- _WORK ITEM_: Look for the line containing "Bunny and Easter Egg Cakes" and the line containing "Chester, UK: Jul" in the entries below. Copy those two and all lines between them exactly, leaving out pictures.

- _SUPPLIED MATERIAL_:
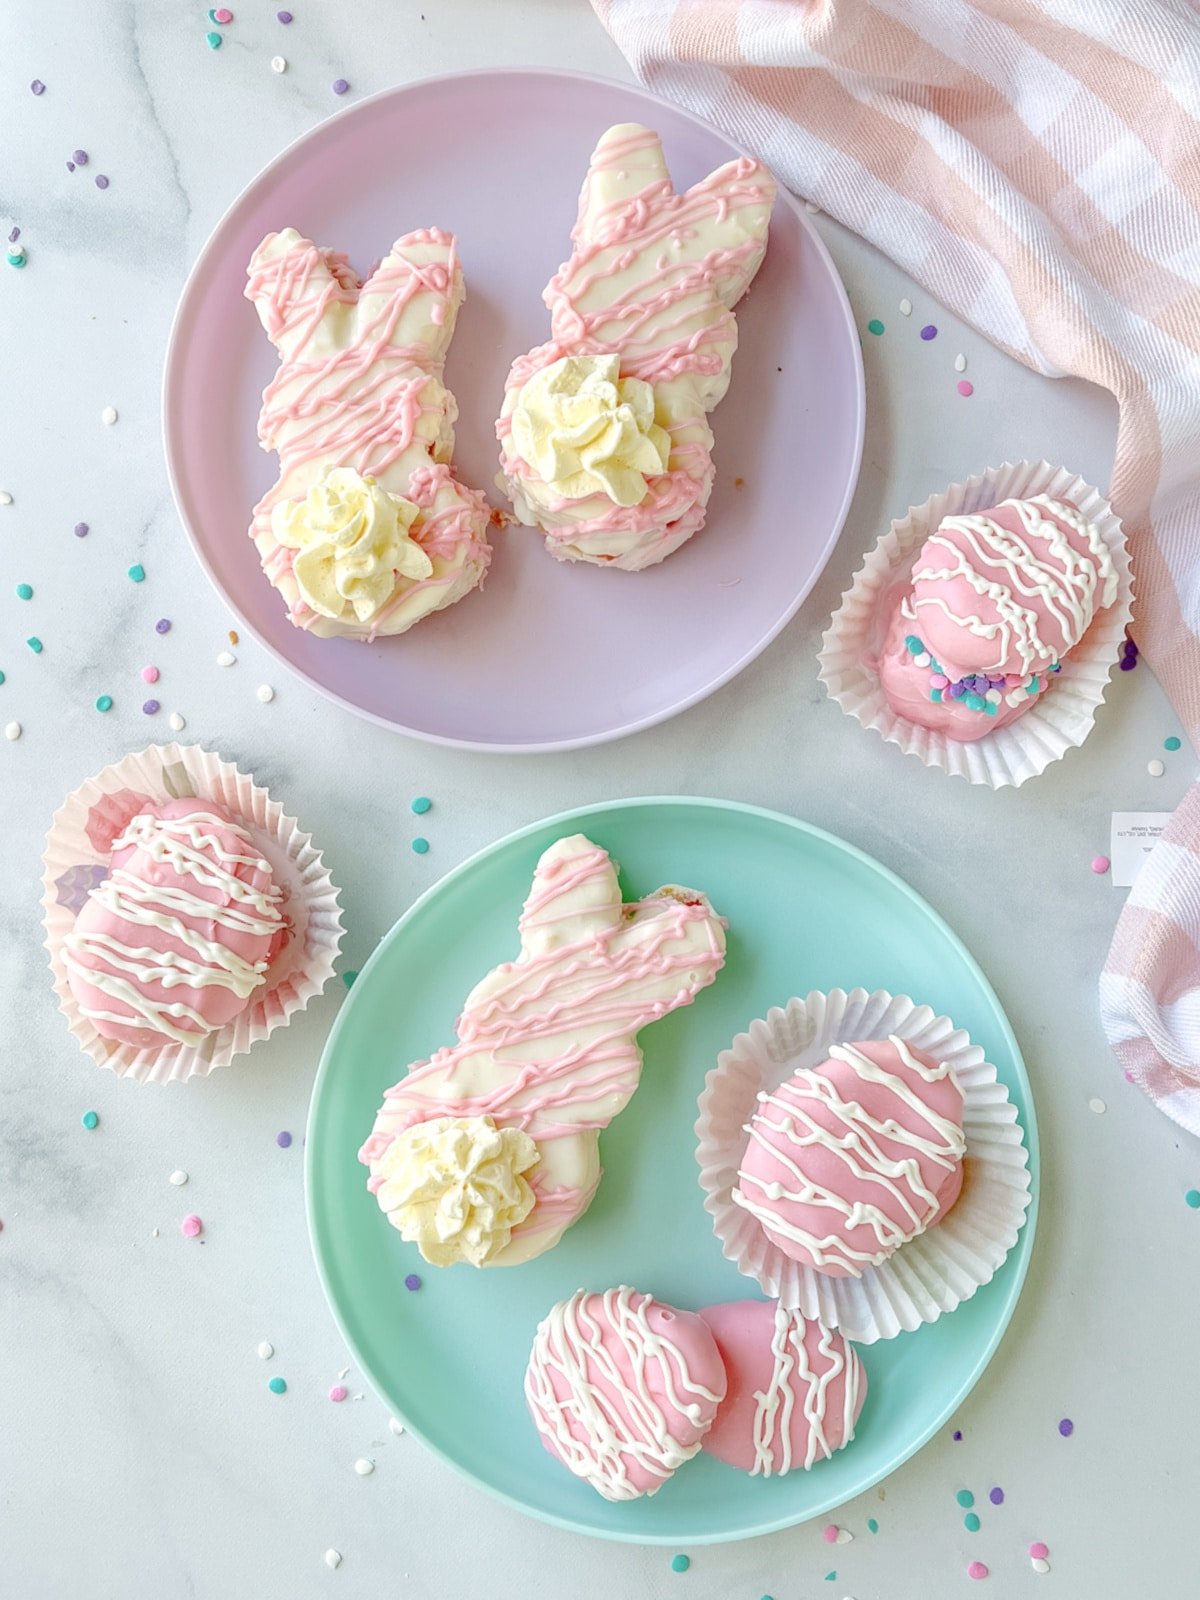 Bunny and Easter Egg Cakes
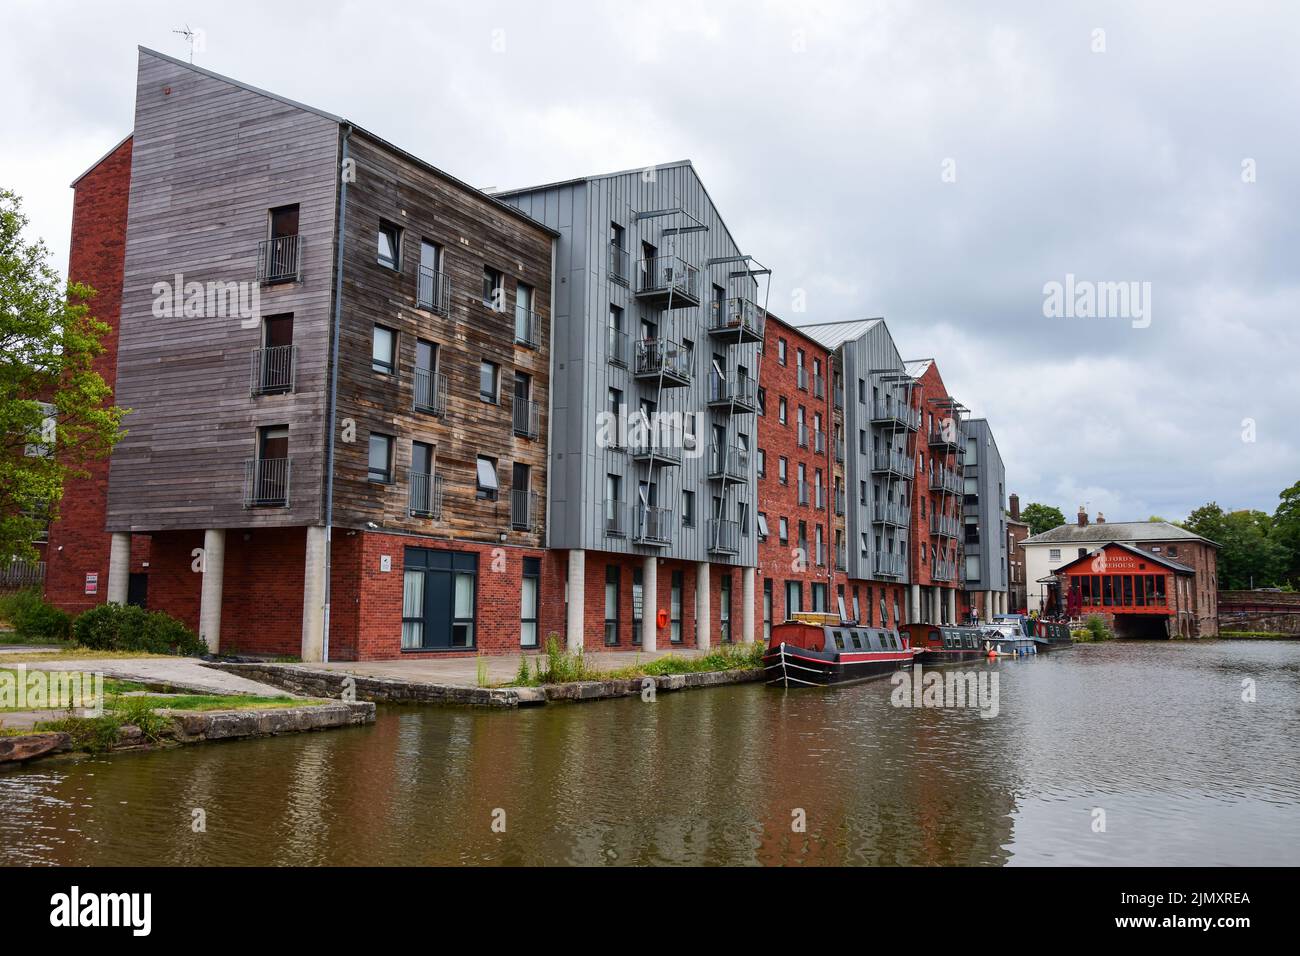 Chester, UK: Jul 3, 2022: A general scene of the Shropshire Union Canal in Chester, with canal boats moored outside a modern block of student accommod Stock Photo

==

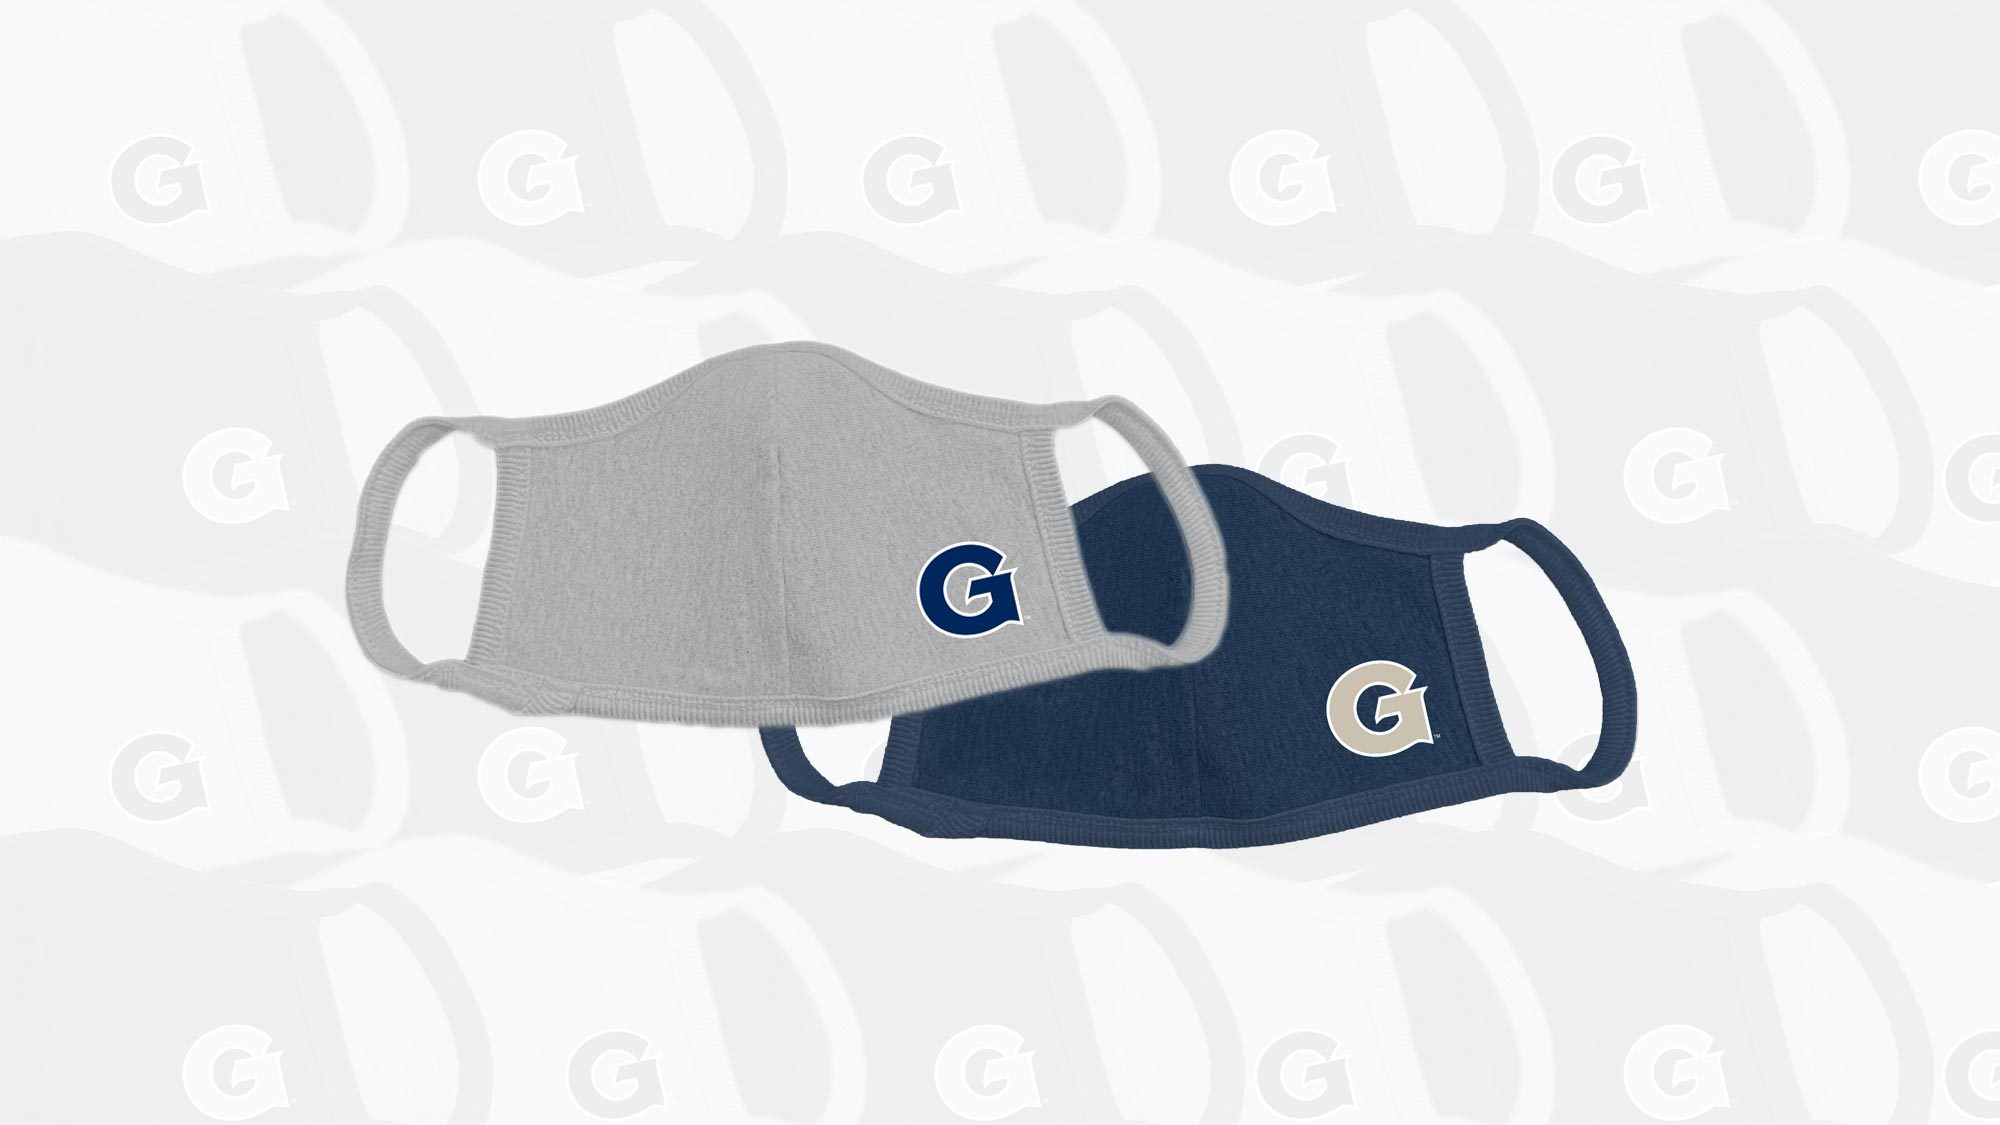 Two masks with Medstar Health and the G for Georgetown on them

- _EXERCISE ANSWER_:
 Bunny and Easter Egg Cakes
 Chester, UK: Jul 3, 2022: A general scene of the Shropshire Union Canal in Chester, with canal boats moored outside a modern block of student accommod Stock Photo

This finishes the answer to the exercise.